Rodriguez was a resident of Paranaque, Rizal, and died without leaving a will and praying that
Maria Rodriguez be appointed as Special Administratrix of the estate.
- On same day, Pangilinan and Jacalan filed a petition for the probation of the will delivered by
them on March 4, 1963. It was stipulated by the parties that Fr. Rodriguez was born in Paranaque,
Rizal; that he was Parish priest of the Catholic Church of Hagonoy, Bulacan, from 1930 up to the
time of his death in 1963; that he was buried in Paranaque, and that he left real properties in
Rizal, Cavite, Quezon City and Bulacan.
- The Rodriguezes contend that since the intestate proceedings in the Court of First Instance of
Rizal was filed at 8:00 A.M. on March 12, 1963 while the petition for probate was filed in CFI
Bulacan at 11:00 A.M. on the same date, the latter Court has no jurisdiction to entertain the
petition for probate.
- Pangilinan and Jacalan, aver that the CFI of Bulacan acquired jurisdiction over the case upon
delivery by them of the will to the Clerk of Court on March 4, 1963, and that the case in CFI
Bulacan therefore has precedence over the case filed in Rizal on March 12, 1963.

ISSUE
WON CFI Bulacan had jurisdiction over the case
HELD
YES
- The jurisdiction of CFI Bulacan became vested upon the delivery thereto of the will of the late Fr
Rodriguez on March 4, 1963, even if no petition for its allowance was filed until later, because
upon the will being deposited, the court could, motu proprio, have taken steps to fix the time and
place for proving the will, and issued the corresponding notices as under Sec 3, Rule 76, of the
Revised Rules of Court
- The use of the disjunctive in the words "when a will is delivered to OR a petition for the
allowance of a will is filed" plainly indicates that the court may act upon the mere deposit therein
of a decedent's testament, even if no petition for its allowance is as yet filed. Where the petition
for probate is made after the deposit of the will, the petition is deemed to relate back to the time
when the will was delivered. Since the testament of Fr. Rodriguez was submitted and delivered to
CFI Bulacan on March 4, while petitioners initiated intestate proceedings in CFI Rizal only on
March 12, 8 days later, the precedence and exclusive jurisdiction of CFI Bulacan is incontestable.

- But, petitioners object, section 3 of revised Rule 76 speaks of a will being delivered to "the
Court having jurisdiction," and in the case at bar the Bulacan court did not have it because the
decedent was domiciled in Rizal province. We can not disregard Fr. Rodriguez's 33 years of
residence as parish priest in Hagonoy, Bulacan (1930-1963); but even if we do so, and consider
that he retained throughout some animus revertendi to the place of his birth in Rizal, that detail
would not imply that the Bulacan court lacked jurisdiction.

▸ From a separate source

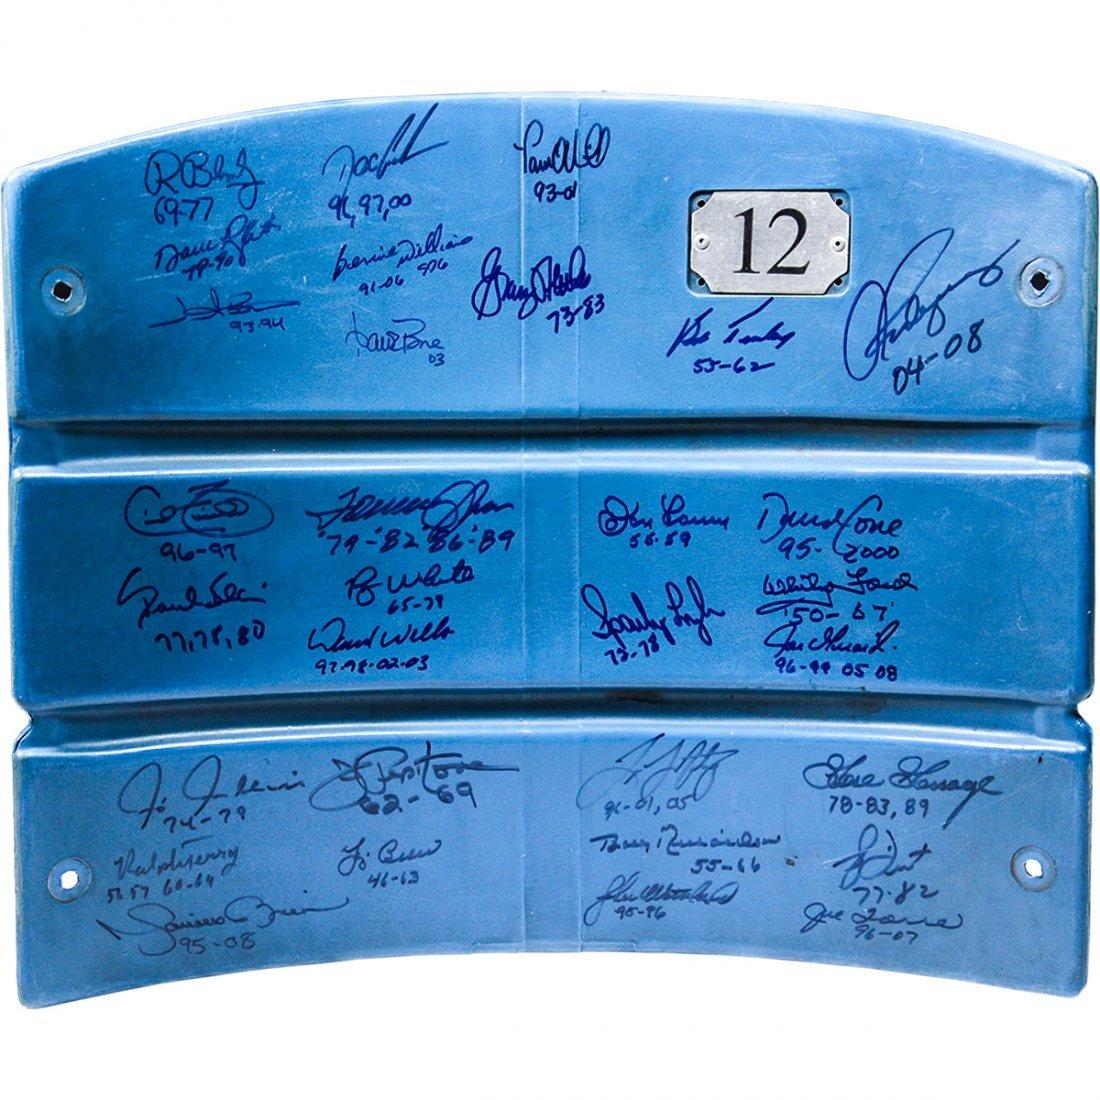 Multi-Signed Authentic Seatback from The Original Yanke

As ruled in previous decisions, the
power to settle decedents' estates is conferred by law upon all CFIs, and the domicile of the
testator only affects the venue but not the jurisdiction of the Court (In re Kaw Singco, 74 Phil.
239; Reyes vs. Diaz, 73 Phil. 484; Bernabe vs. Vergara, 73 Phil. 676). Neither party denies that
the late Fr. Rodriguez is deceased, or that he left personal property in Hagonoy, province of
Bulacan. That is sufficient in this case.
Disposition Petition for certiorari is DENIED.